Spojrzałem na jego rozczochrane blond włosy i lekko podkrążone oczy. Zdecydowanie było widać, że był po ostrym chlaniu. Po jego minie i tym, jak się na mnie patrzył, wywnioskowałem, że chłopak nie miał pojęcia co się działo i tak jak przewidywałem, urwał mu się w pewnym momencie film. Pytanie w którym.
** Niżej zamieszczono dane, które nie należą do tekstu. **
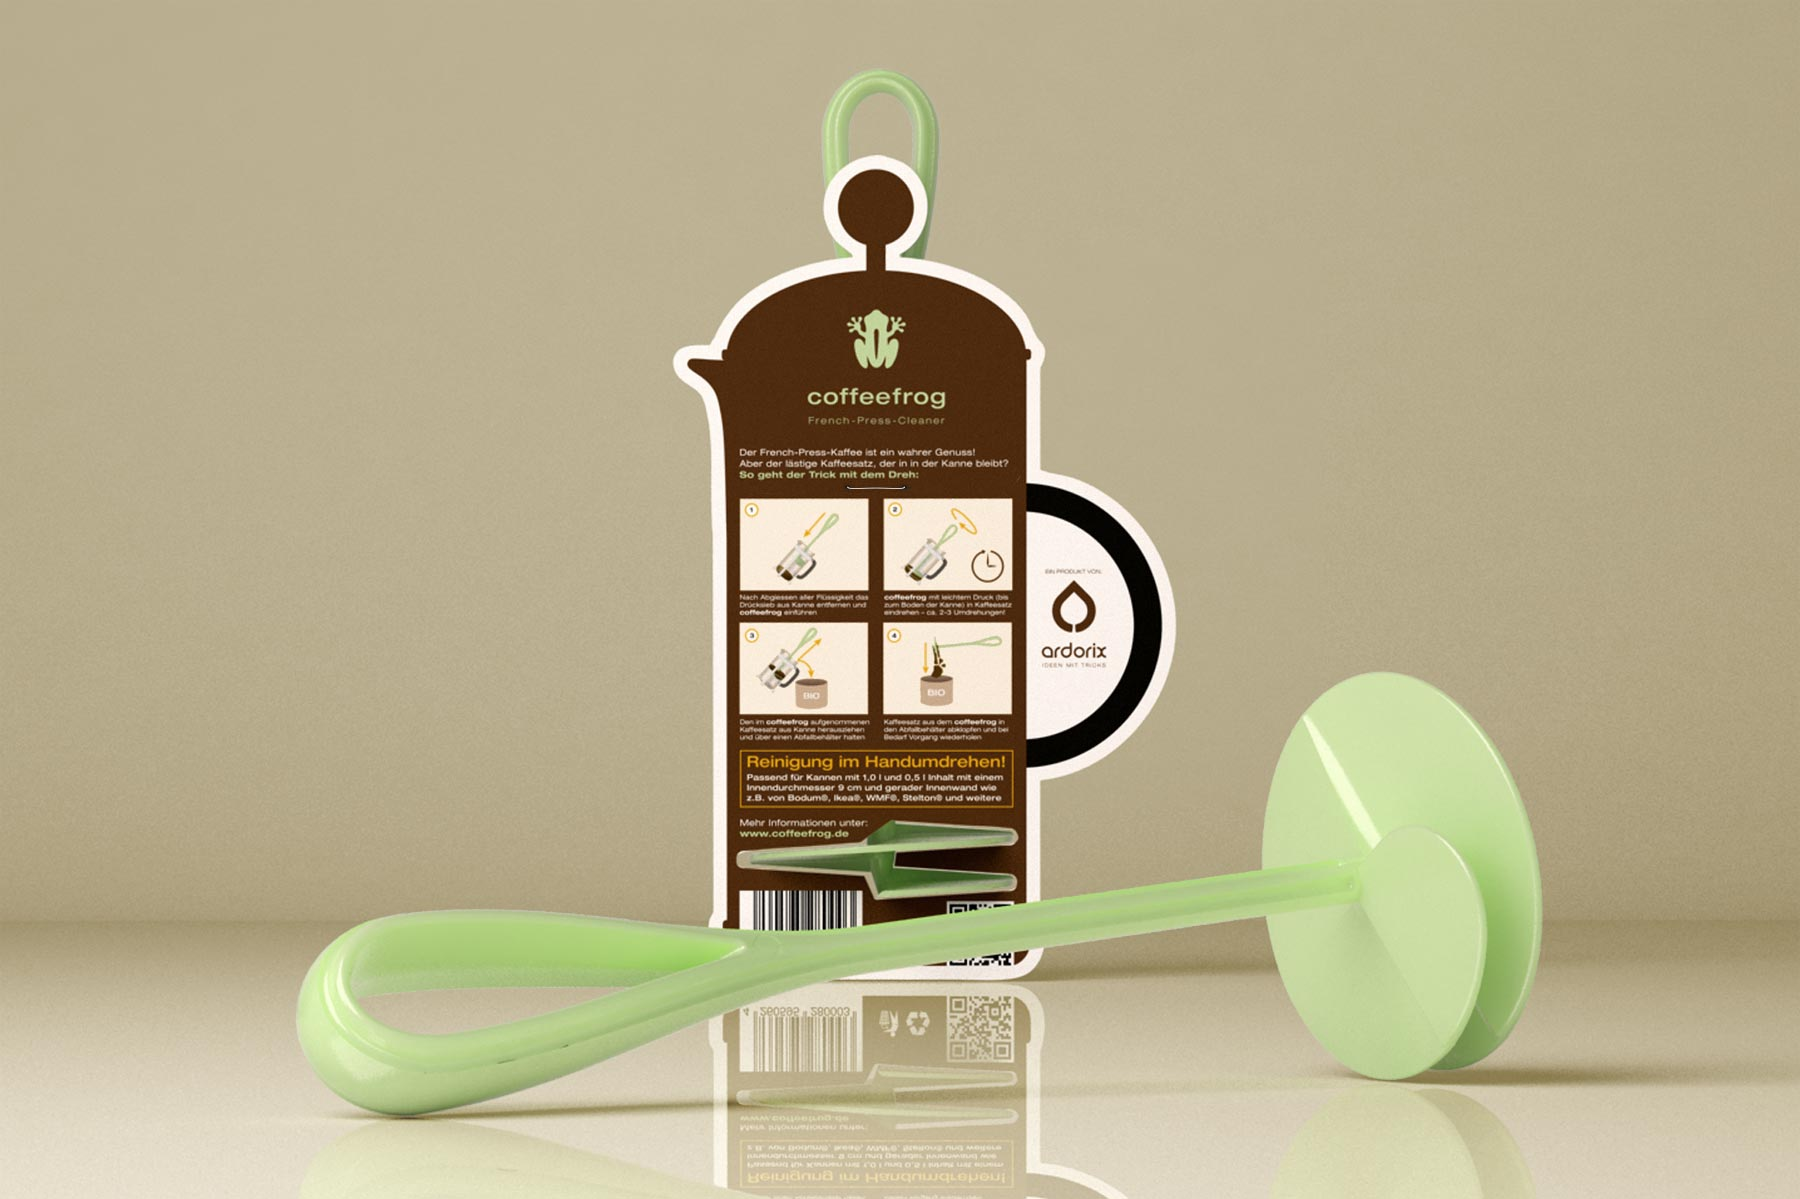 Coffeefrog, Produktverpackung, Packaging, Verpackungsdesign, Rückseite

- Jak tam śpiąca królewno? - zaśmiałem się, kończąc wycierać włosy i zarzucając sobie ręcznik na szyję.

Alan
Nawet gdy się odezwał, dalej przez chwilę patrzyłem na niego w osłupieniu, nie mogąc sobie nic przypomnieć.
- Co się stało? Dlaczego spałem w twoim pokoju? Czy my w nocy... - wydusiłem z siebie i urwałem w pół zdania, czując ukłucie niepokoju, że może nie pamiętam jeszcze więcej, niż mi się wydawało na początku. Ta myśl bardzo mnie zestresowała, bo nie chciałem, żeby moje relacje z Michaelem zaszły tak daleko, a ja miałbym niczego z tego nie pamiętać. Obawiałem się, że mogło tak być dlatego, że obudziłem się w samych bokserkach, a nie wiedziałem, jaki mógł być inny powód. Miałem nadzieję, że jednak się myliłem, ale i tak zrobiło mi się gorąco na samą myśl o tym.

Michael
Najwidoczniej jego mózg w obecnej sytuacji nie był w stanie poskładać wydarzeń z wczorajszego wieczoru w całość. Z jednej strony było mi go żal, jak widziałem jaki był zestresowany, ale z drugiej sam się doprowadził do takiego stanu, że aż nie pamiętał co robił, co mnie nieco bawiło.
- Może najpierw powiedz mi, ile pamiętasz z tamtego wieczoru - odparłem po chwili, podchodząc do swojego łóżka i siadając na jedną z jego krawędzi.
Spojrzałem na niego wyczekująco, licząc, że był jednak świadomy większości rzeczy, które robił wczoraj.